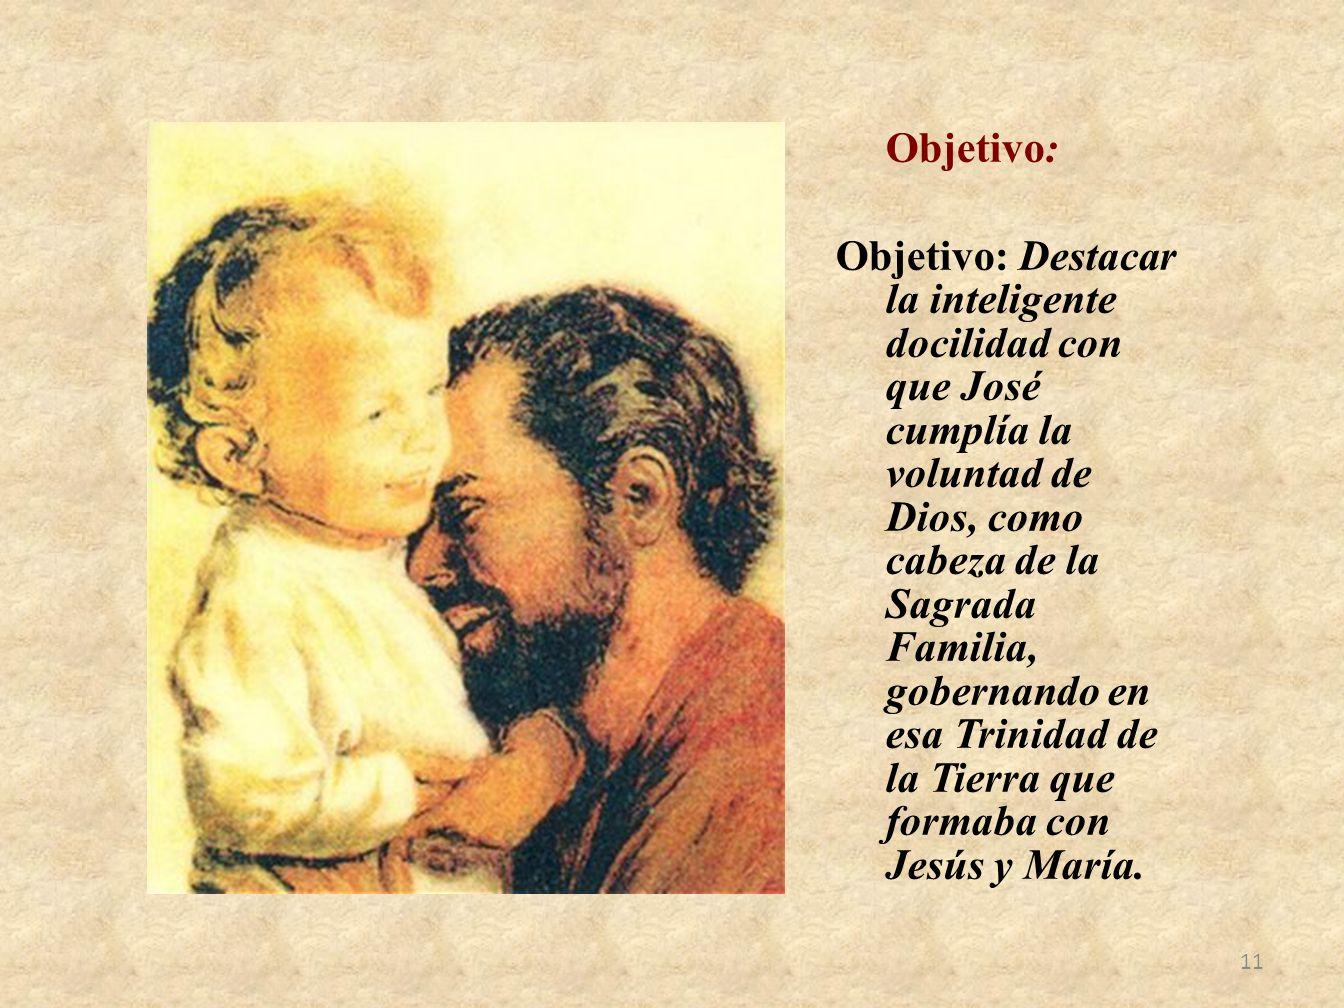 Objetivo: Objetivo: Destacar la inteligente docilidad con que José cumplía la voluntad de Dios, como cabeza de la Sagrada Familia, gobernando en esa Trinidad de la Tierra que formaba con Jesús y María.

------------------------------------------------------------

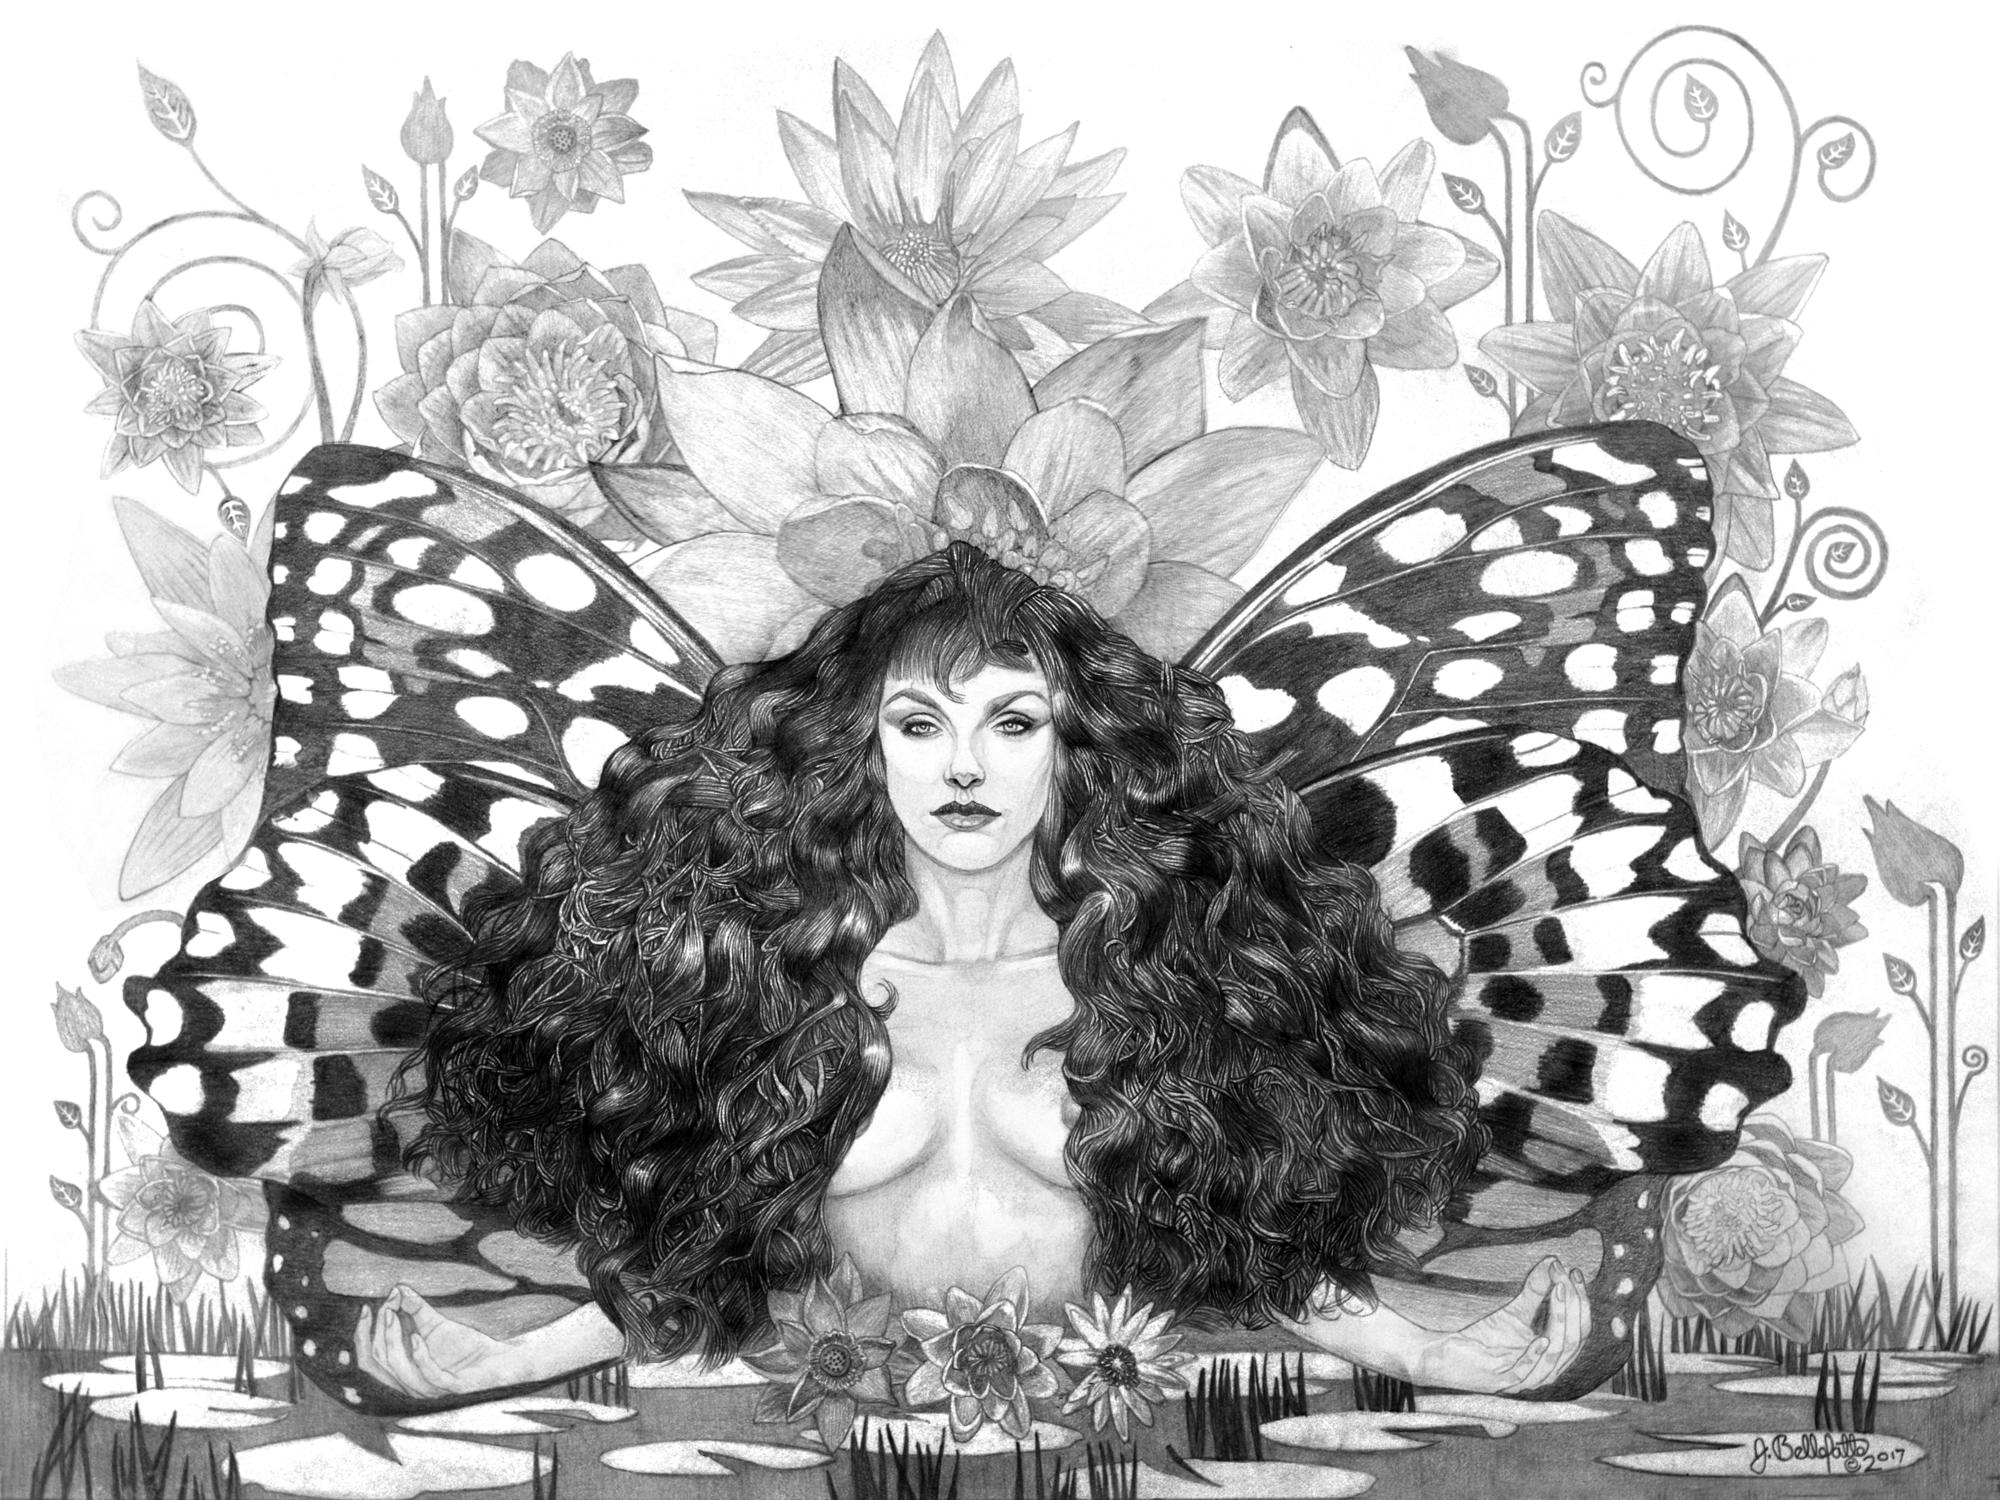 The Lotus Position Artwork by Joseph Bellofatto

------------------------------------------------------------

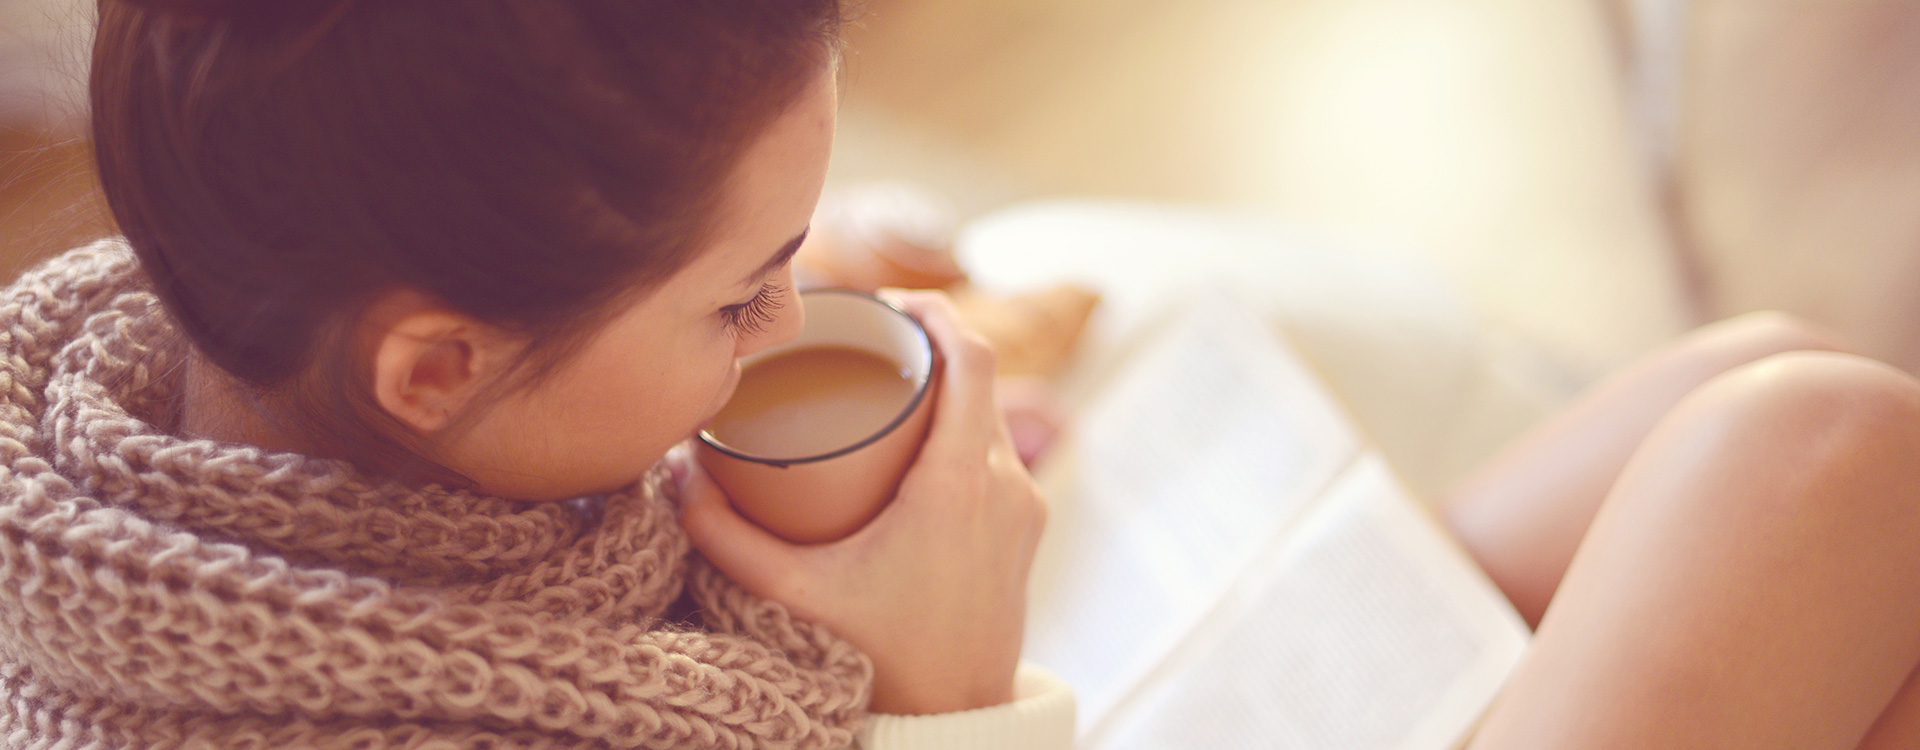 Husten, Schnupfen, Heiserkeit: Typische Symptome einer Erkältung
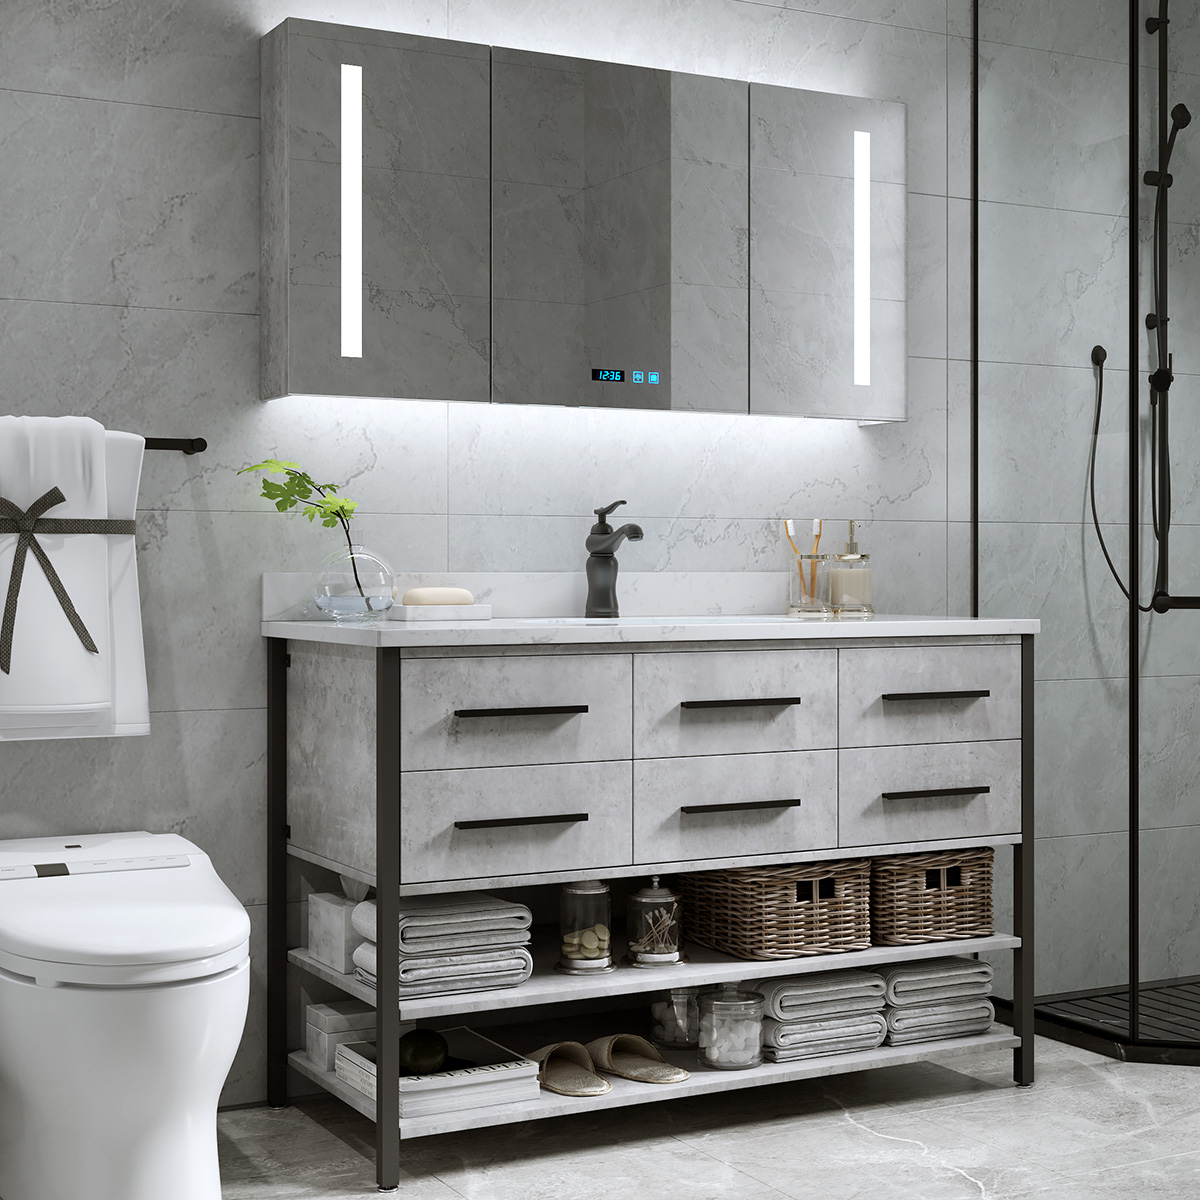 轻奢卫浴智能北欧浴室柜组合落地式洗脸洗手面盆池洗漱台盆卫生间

------------------------------------------------------------

Reproduce exactly the lines above starting at the line containing "Husten, Schnupfen, Heiserkeit: Typische" and ending at the line containing "轻奢卫浴智能北欧浴室柜组合落地式洗脸洗手面盆池洗漱台盆卫生间", including both, but not the pictures.

_The answer_.
 Husten, Schnupfen, Heiserkeit: Typische Symptome einer Erkältung
 轻奢卫浴智能北欧浴室柜组合落地式洗脸洗手面盆池洗漱台盆卫生间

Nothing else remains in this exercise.